O segundo júri popular das chacinas que ocorreram em Mogi das Cruzes entre 2013 e 2016 acontecerá hoje, às 13 horas, no Fórum de Braz Cubas. Os ex-policiais militares Fernando Cardoso e Vanderlei Messias Barros são acusados pelo Ministério Público (MP) pela morte de Rafael Augusto Vieira Muniz e Bruno Fiuza Gorrera, assassinados em setembro de 2014. A ocasião será marcada por protestos do grupo de mães que tiveram os filhos vítimas das chacinas.
Para a professora Inês Paz, do grupo Mães Mogianas, a expectativa para que os ex-militares sejam condenados é grande. Na sexta-feira passada, ela, juntamente com as mães das vítimas, conversaram com os promotores do caso e tiveram retorno positivo. "Esperamos que eles sejam condenados. Em conversa com a promotoria, nós vimos o empenho no caso. Será um júri longo", previu.
Uma das mães, também do Mães Mogianas, e que estará presente no julgamento, é a mãe de Diego Rodrigo Marttos, assassinado aos 33 anos em Jundiapeba, no primeiro dia de 2015, Maria Aparecida Alves Marttos, 61. Apesar do momento relembrar o sofrimento do dia em que perdeu o filho, ela está ansiosa para que os ex-policiais sejam condenados. "Esperamos que desta vez consigamos a condenação de ambos. Apesar de novamente relembrar do dia em que perdemos nossos filhos, estamos na luta, só estou aqui ainda porque tenho esse apoio das outras mães, se não, não teria forças para seguir", contou.

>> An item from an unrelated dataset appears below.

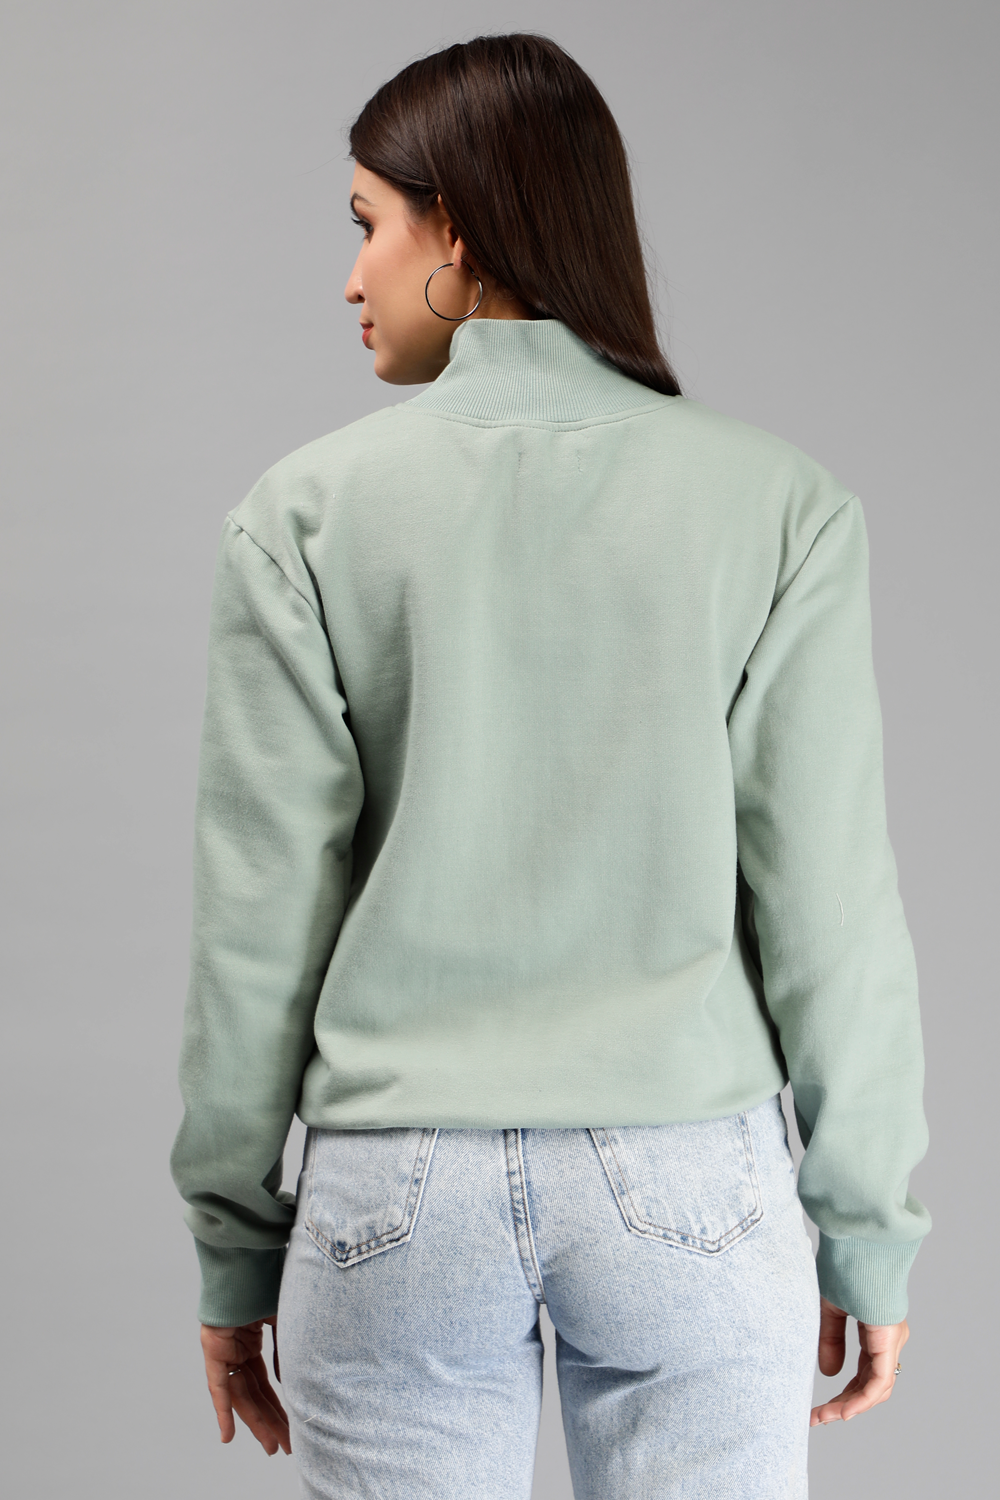 Miga's Women Winter Sweatshirt & Hoodies Olive Green

No final de outubro do ano passado, Cardoso foi inocentado durante o primeiro júri popular de um homicídio que aconteceu em Mogi no ano de 2013, o que foi desolador para o grupo de mães que lutam pela prisão dos acusados. Na ocasião, ele estava sendo acusado pelo Ministério Público (MP) como autor da morte de Matheus Aparecido da Silva, de 16 anos, e por homicídio tentado de outros dois jovens na madrugada do dia 15 de novembro de 2013.
O grupo também questionou alguns pontos levantados durante o julgamento. De acordo com Inês, a defesa apontou irregulares no processo e que havia falhas. "Nenhum membro da Polícia Civil foi chamado e eles apontaram irregularidades. Parecia tudo um teatro para dar esse resultado".